MCUboot Secure Boot for Series 2 Devices#

Introduction#

Overview#

MCUboot is a secure bootloader for 32-bit microcontrollers that provides a common infrastructure for booting and upgrading firmware. This guide explains how to configure MCUboot with PSA Crypto builtin keys and hardware-accelerated cryptography for secure boot on Silicon Labs Series 2 devices that support the Hardware Secure Engine (HSE). It also describes how secure boot works on devices that use the Virtual Secure Engine (VSE), where MCUboot verifies images using an embedded public key and the same hardware-accelerated PSA Crypto implementation, but without PSA builtin keys.

Silicon Labs Series 2 devices support two Secure Engine (SE) variants:

Variant

PSA builtin Keys

Secure boot

Description

HSE (Hardware Secure Engine)

Yes

Yes

Full hardware key storage in SE one-time-programmable (OTP) memory

VSE (Virtual Secure Engine)

No

Yes

Software-based SE; secure boot supported but keys are embedded in firmware

Features#

The following table summarizes the main behavioral differences between using PSA builtin keys on HSE devices and using an embedded key on VSE devices. Both flows provide the same high-level secure boot guarantees (signed images, integrity verification, and versioning).

Feature

HSE (Hardware Secure Engine)

VSE (Virtual Secure Engine)

Public key location

Stored securely in SE OTP memory as a PSA builtin key

Embedded in the MCUboot image (no PSA builtin key support)

Signature verification

Hardware-accelerated through PSA Crypto

Hardware-accelerated through PSA Crypto

Secure boot support

Yes (PSA Crypto builtin key flow)

Yes (embedded-key flow)

Boot Process Flow#

The secure boot process is similar on both HSE and VSE devices, with key handling and PSA Crypto configuration being the main differences.

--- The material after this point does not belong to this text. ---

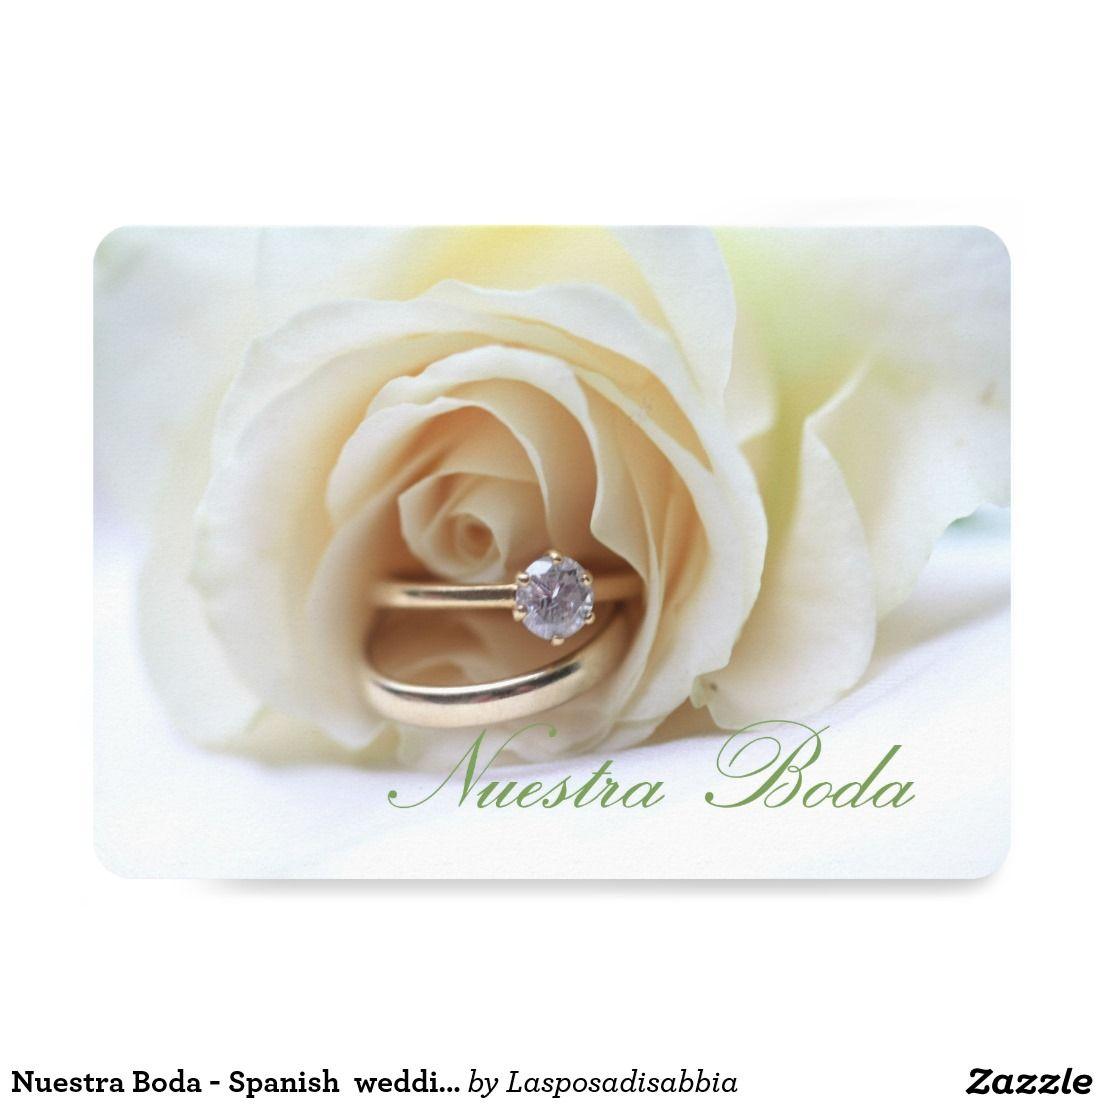 Nuestra Boda - Spanish wedding invitation | Pinterest | Spanish ...

HSE-based devices (PSA builtin keys)#

  1. Device reset — System powers on or resets.

  2. MCUboot initialization — Bootloader starts and initializes PSA Crypto with the HSE driver.

  3. Key retrieval — MCUboot retrieves a PSA key handle referencing the public key stored inside the Secure Engine (for example, key ID 0x7FFF0001).

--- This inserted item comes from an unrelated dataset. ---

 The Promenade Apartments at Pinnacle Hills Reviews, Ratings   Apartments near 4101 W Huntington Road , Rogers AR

  4. Image verification — ECDSA signature verification is performed using hardware acceleration through PSA Crypto opaque drivers.

  5. Boot decision:

    • Valid signature → Boot the application.

    • Invalid signature → Stay in MCUboot.

VSE-only devices (embedded key)#

  1. Device reset — System powers on or resets.

  2. MCUboot initialization — Bootloader initializes PSA Crypto with the VSE driver.

  3. Key retrieval — MCUboot uses a public key compiled into the bootloader image.

  4. Image verification — ECDSA signature verification is performed using hardware acceleration via PSA Crypto transparent drivers.

  5. Boot decision:

    • Valid signature → Boot the application.

    • Invalid signature → Stay in MCUboot.

From the application's point of view, the behavior is identical on HSE and VSE devices: the device boots only authenticated firmware.


Prerequisites#

Hardware Requirements#

Secure boot with MCUboot is supported on both HSE-based and VSE-based Series 2 devices:

  • Silicon Labs Series 2 device with HSE support (for example, EFR32BG29), or

  • Silicon Labs Series 2 device with VSE support (for example, EFR32BG27)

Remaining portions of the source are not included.